Post-election silence is nice

On the day after the presidential election, my mailbox was void of political flyers, nobody rang my doorbell, and I did not receive unwanted phone calls. Silence is golden.

JOY CREUTZ

Perrysburg

 

UTMC’s reputation undamaged

It is surprising that the doctor who wrote the Oct. 14 Readers’ Forum letter “UTMC reputation hurt by fiasco” says he no longer will refer patients to the University of Toledo Medical Center because of the botched kidney transplant.

This was an unfortunate, isolated incident that was inadvertently caused by employees within the operating room. The protocol has been rectified and the matter resolved for all future patients.

Moreover, the letter writer will deprive his patients of being treated by several outstanding UTMC sub-specialists who are internationally recognized and have no equal in our region.

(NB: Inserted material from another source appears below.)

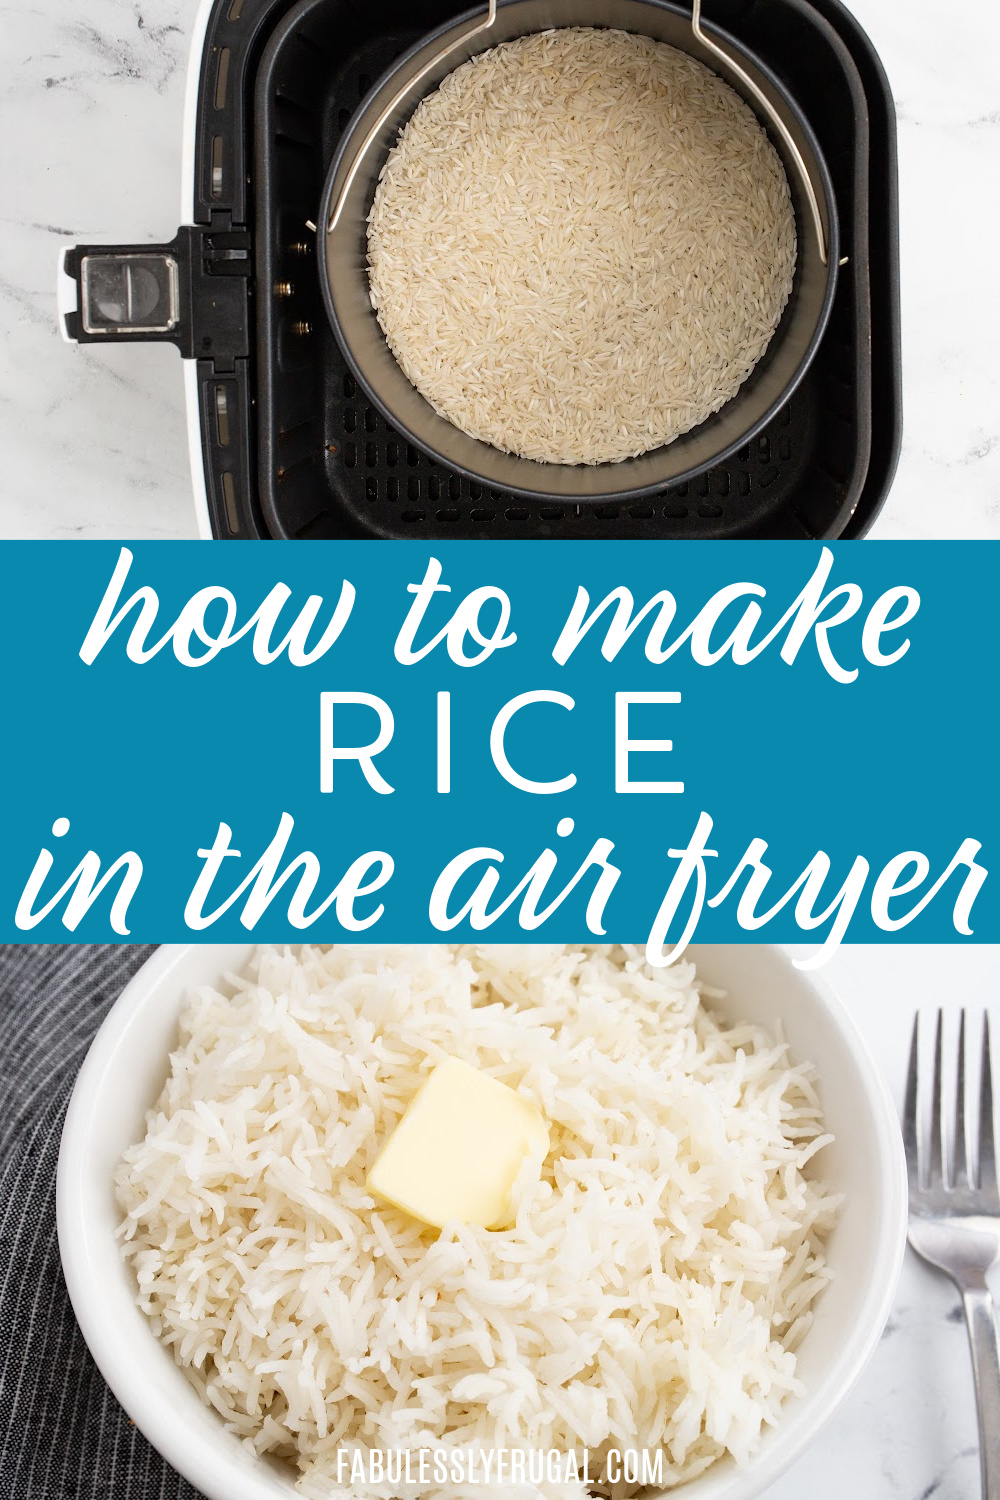 https://fabulesslyfrugal.com/wp-content/uploads/2022/11/how-to-make-rice-in-the-air-fryer-2.jpg
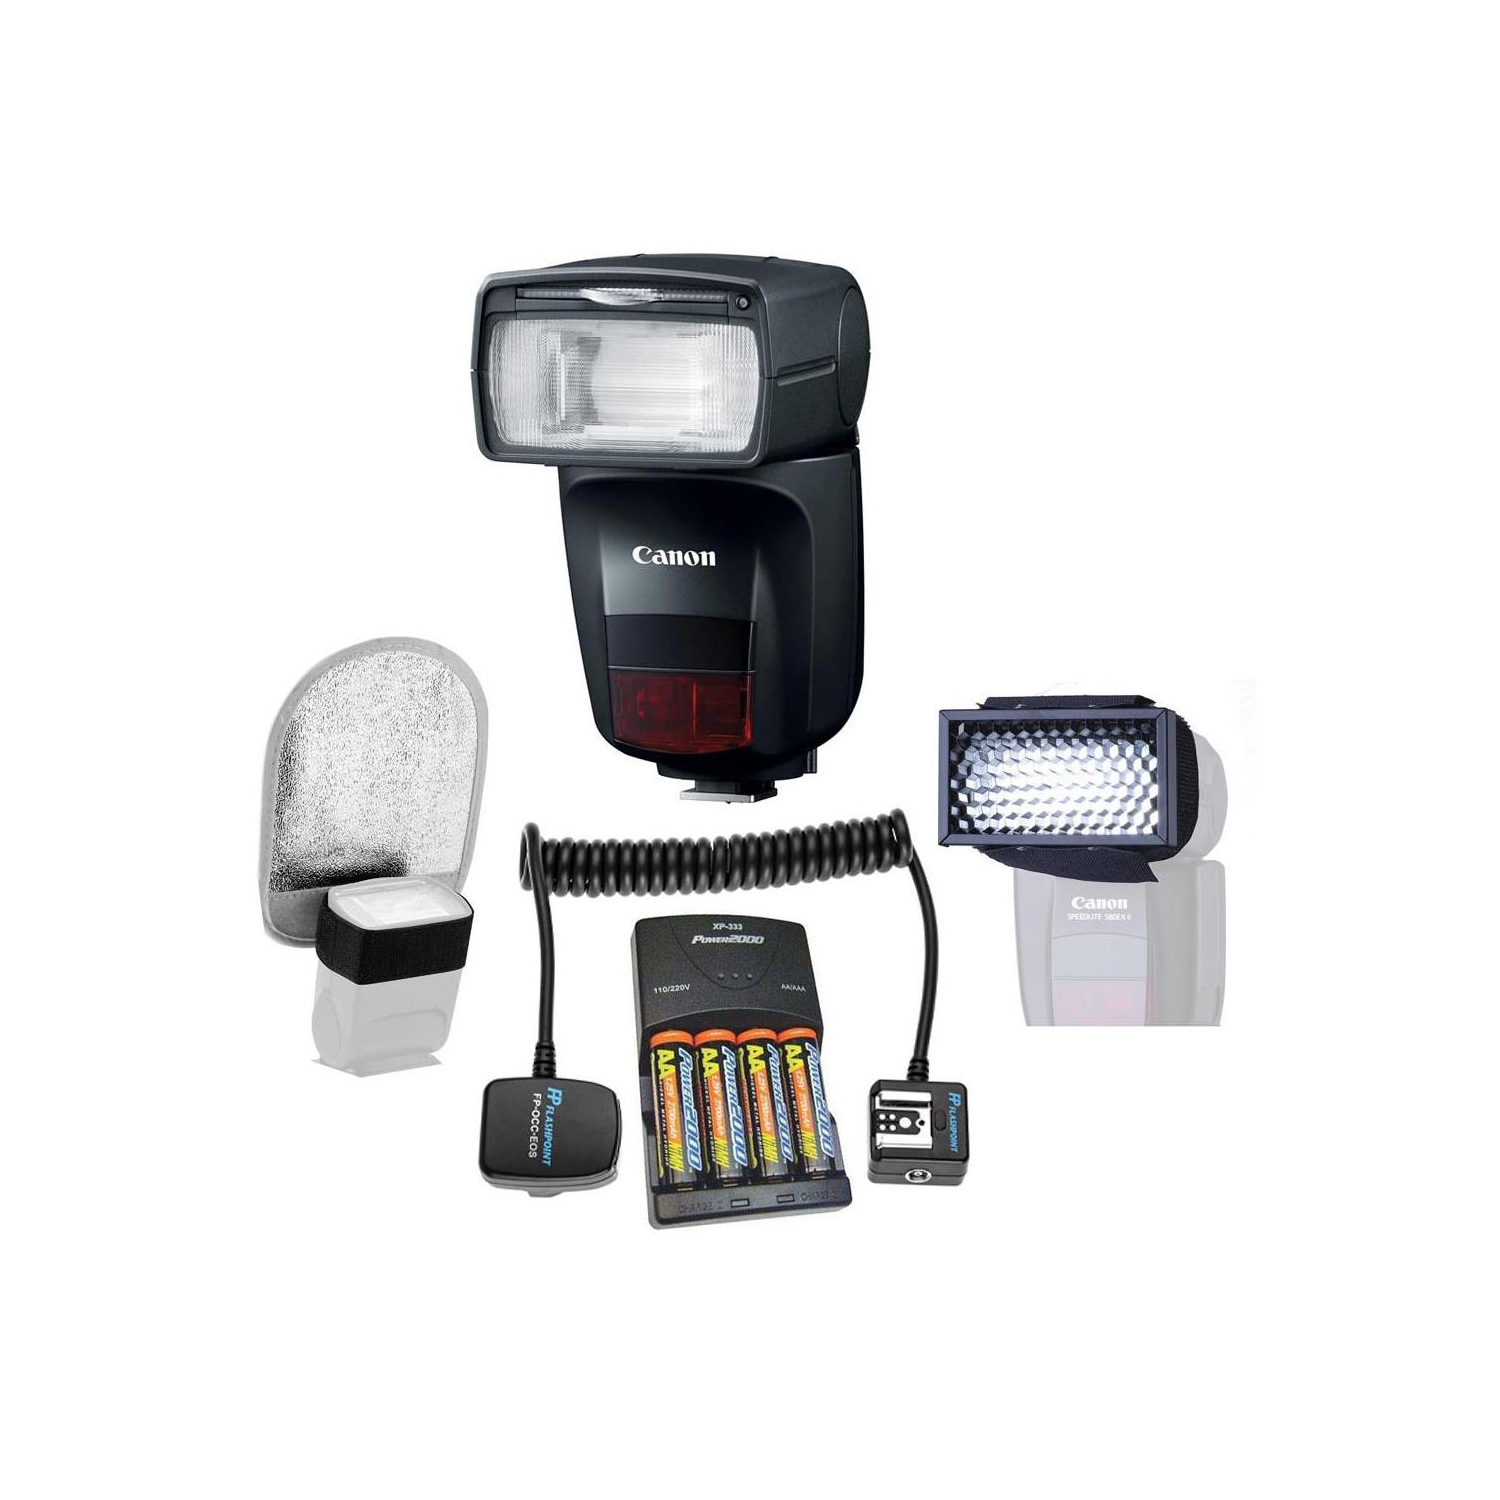 Canon Speedlite 470EX-AI Hot-Shoe Flash with Bounce Function And Acc Bundle - US Version w/ Seller Warranty

UT President Lloyd Jacobs and Dr. Jeffrey Gold, UTMC chancellor and vice president for biosciences and health affairs, need to have the executive in charge of the hospital handle this matter. Drs. Jacobs and Gold should turn their attention to how to continue to improve programs and attract highly qualified faculty members to a medical school that has a relatively small patient volume.

DARRYL LIPPMAN

Sylvania

Editor’s note: The writer is president of Lippman Health Care Advisers and former president and CEO of Mercy Health Partners and St. Vincent Mercy Medical Center.

 

Hospital is better at apologizing

My sister was a patient at UTMC for 13 days in September. Upon her admission she was given a wrist band indicating she was a “fall risk” because of her lack of mobility.

Upon discharge, no provision was made to assure that she had a method of leaving the hospital safely. She was permitted to leave the hospital on the arm of her daughter, to walk home, about a quarter-mile away on a path devoid of a sidewalk.

No one at the hospital cared enough to return any of the phone calls I made that afternoon to ask how and why this event had transpired.

Three days later, when I was able to reach someone, I did receive an apology.

I surmise that while UTMC doesn’t care enough to fully examine the conditions of a patient discharge, it does care enough to practice apologizing.